Youths must do away with their victim’s mentality. Youths with a victim’s mentality always believe that their problems are not their fault, and always see themselves as victims of life’s situations. They believe strongly that someone, something, or a government is responsible for their predicament. They are not capable of being honest with themselves and accepting responsibility for their lives. They are unable to see how their own steps, actions, inactions, and negligence have brought them to where they are present. We must all take responsibility for the level of deterioration presently in the country.
Marcus Cicero once said: “I criticise by creation, not by finding fault.” If you have to criticize, let it be through creating something new! Brainstorming attacks the problem by evolving a viable solution while blaming others evade the problem and attacks the person. Blame-storming kills initiative and reduces people’s morale. I have come to realize that when we truly brainstorm, we will have less time to blamestorm.
Steven Covey said, “Be part of the solution, not the problem”. When the only thing one can see is a problem, then one cannot see the solution. You can’t be part of the problem and still be part of the solution. In life, you are either part of the solution or part of the problem. Don’t find fault, find a remedy! Youths that cannot create something new to solve problems are liabilities.
Don’t be a fault-finder; be a path-finder. Try to always create and stop criticizing. Criticizing can create awareness about a problem, but it doesn’t get it solved. Abraham Lincoln once said, “The best way to predict the future is to design it”. Instead of complaining about your situation, why don’t you create one?
See opportunities instead of complaining. Benjamin Franklin said, “Every problem is an opportunity in disguise.”
Personally, I don’t see problems in Nigeria, I only see opportunities! What keeps people ahead in life is simply the opportunity that they seized. The real genius of the richest man in Africa, Aliko Dangote, is in his ability to transform challenges into opportunities and opportunities into wealth. When other entrepreneurs termed the Nigerian environment unfavourable and uneconomical, Dangote surmounted the hurdle to open economical doors where hitherto there were walls.

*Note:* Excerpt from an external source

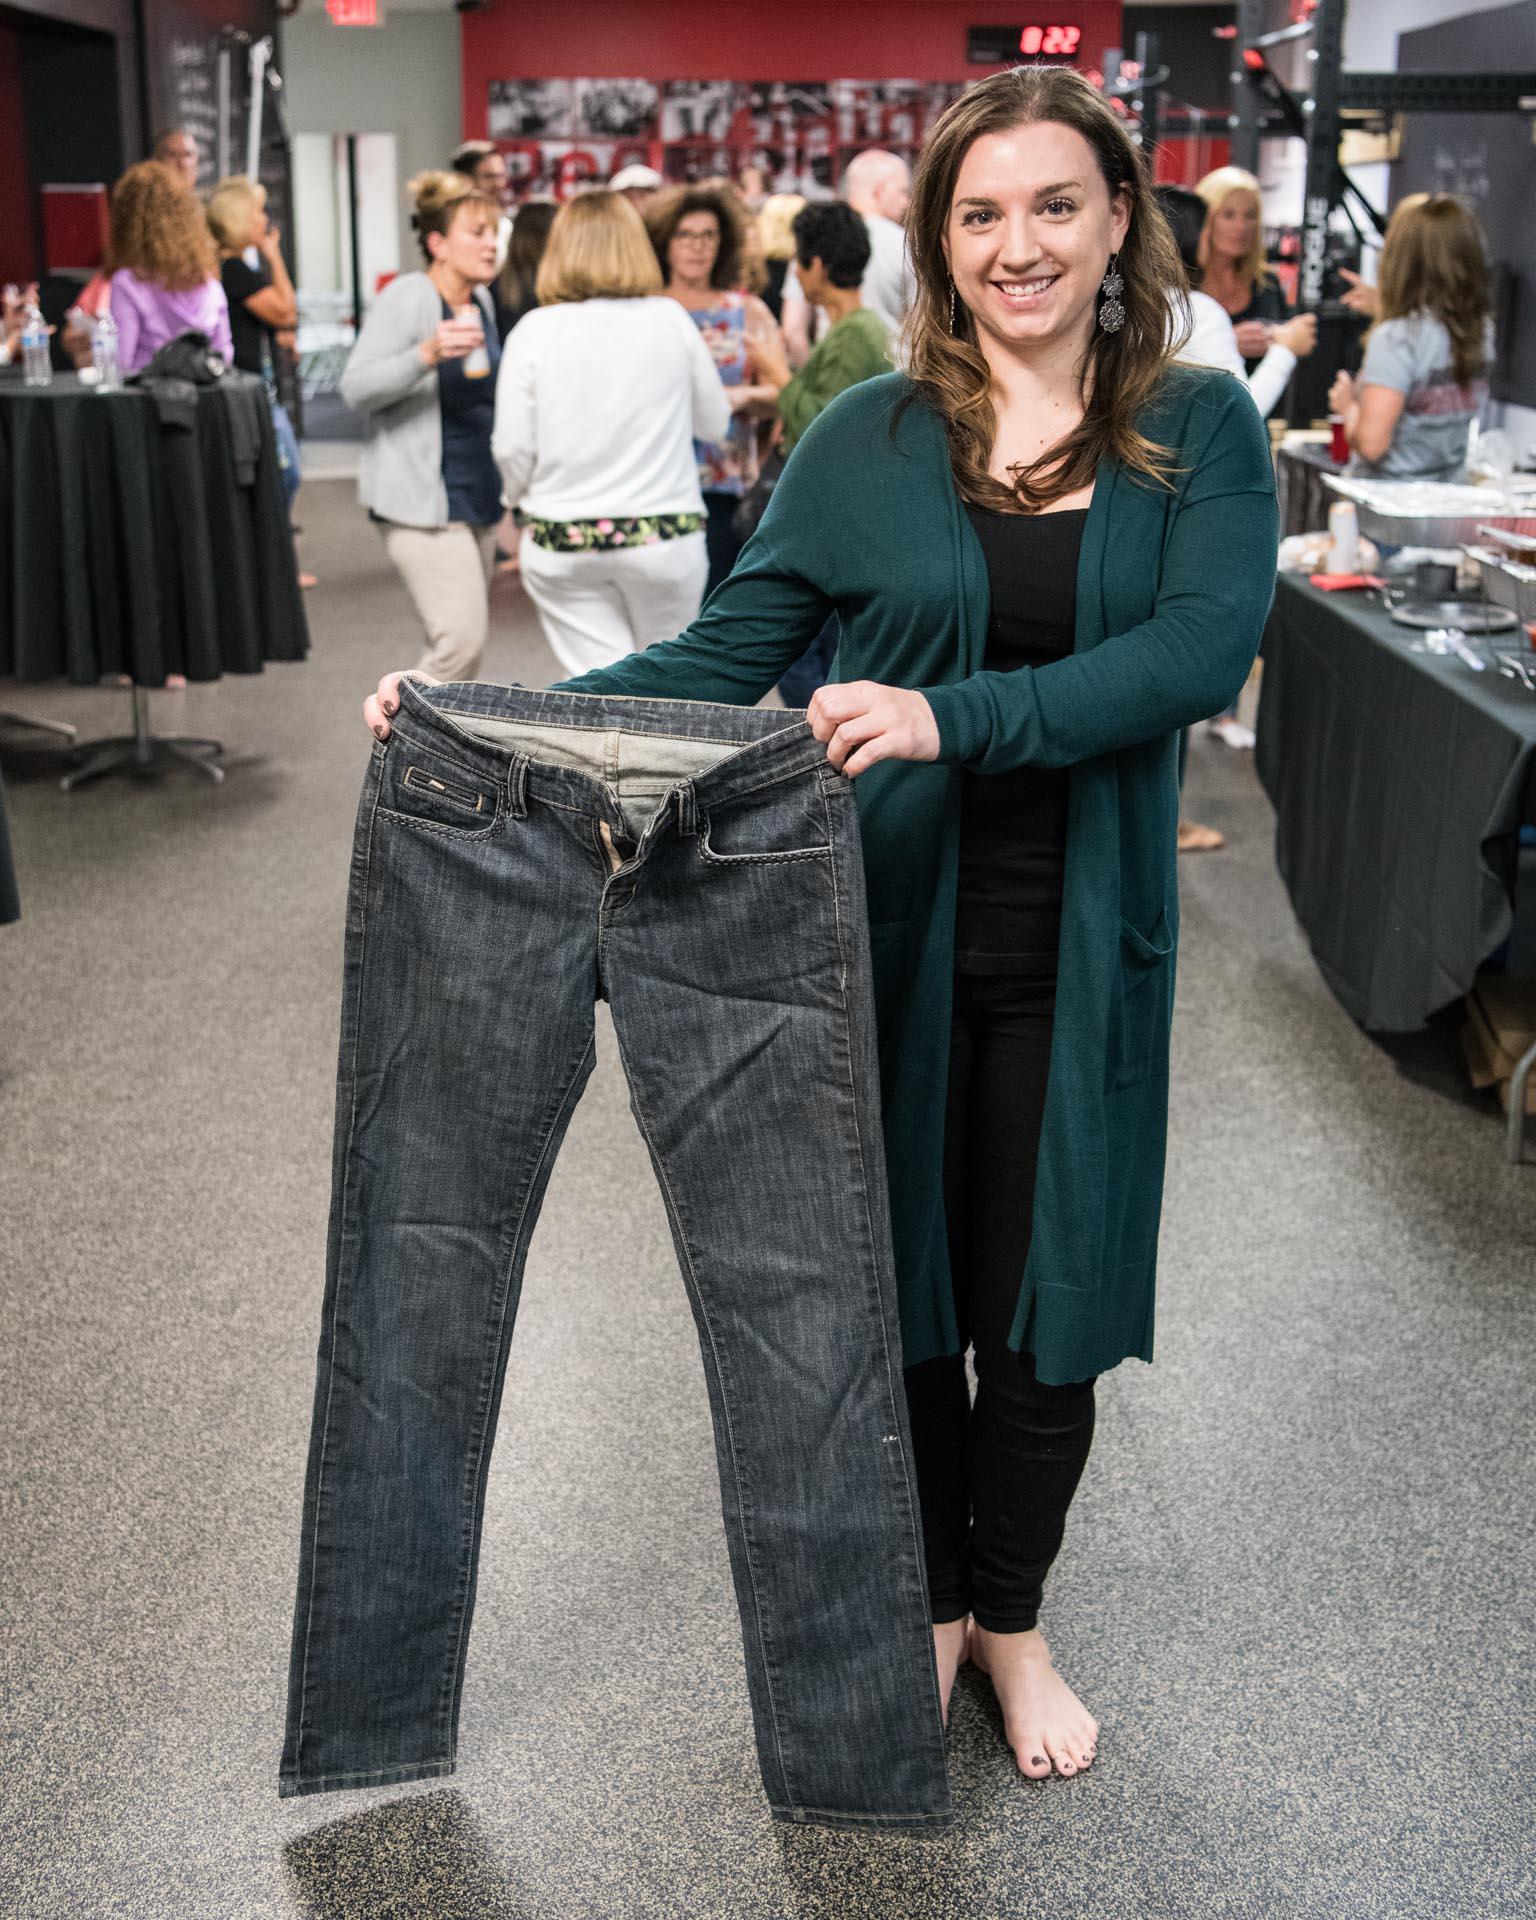 christine jeans 4x5.jpg

Do you really know why Dangote is the richest in Nigeria? It is because he is the one that least complains in Nigeria. Have you ever see Aliko Dangote complain about the Nigerian situation? The guy is so busy looking for solutions that he forgot to complain! And you sit there every day complaining, no wonder why you are so poor! He just listens to people’s complain and look out for how to solve it-this is the secret of his wealth. Your complaints actually are his own inspiration! Excuses and complaints will always be there for you; the opportunity won’t.
Barrack Obama once said, “Change will not come if we wait for some other person or some other time. We are the ones we’ve been waiting for. We are the change that we seek.” We are in serious need of youths that can think differently. Youths that will proffer solutions to the avalanche of problems that have beleaguered the nation. I want to emphatically encourage the Nigerian youths to have a major shift in their approach to national problems; the problems that abound around us are an invitation for us to be creative, dynamic and impactful.
As we approach August 5, I want to charge the Nigerian youths to take responsibility for their actions. Nigeria has become a country where everybody is desirous of change but nobody wants to be responsible for that change. We must be responsible and guided in our actions because what will solve the Nigerian problem is not just protest but the emergence of youths with renewed perspectives.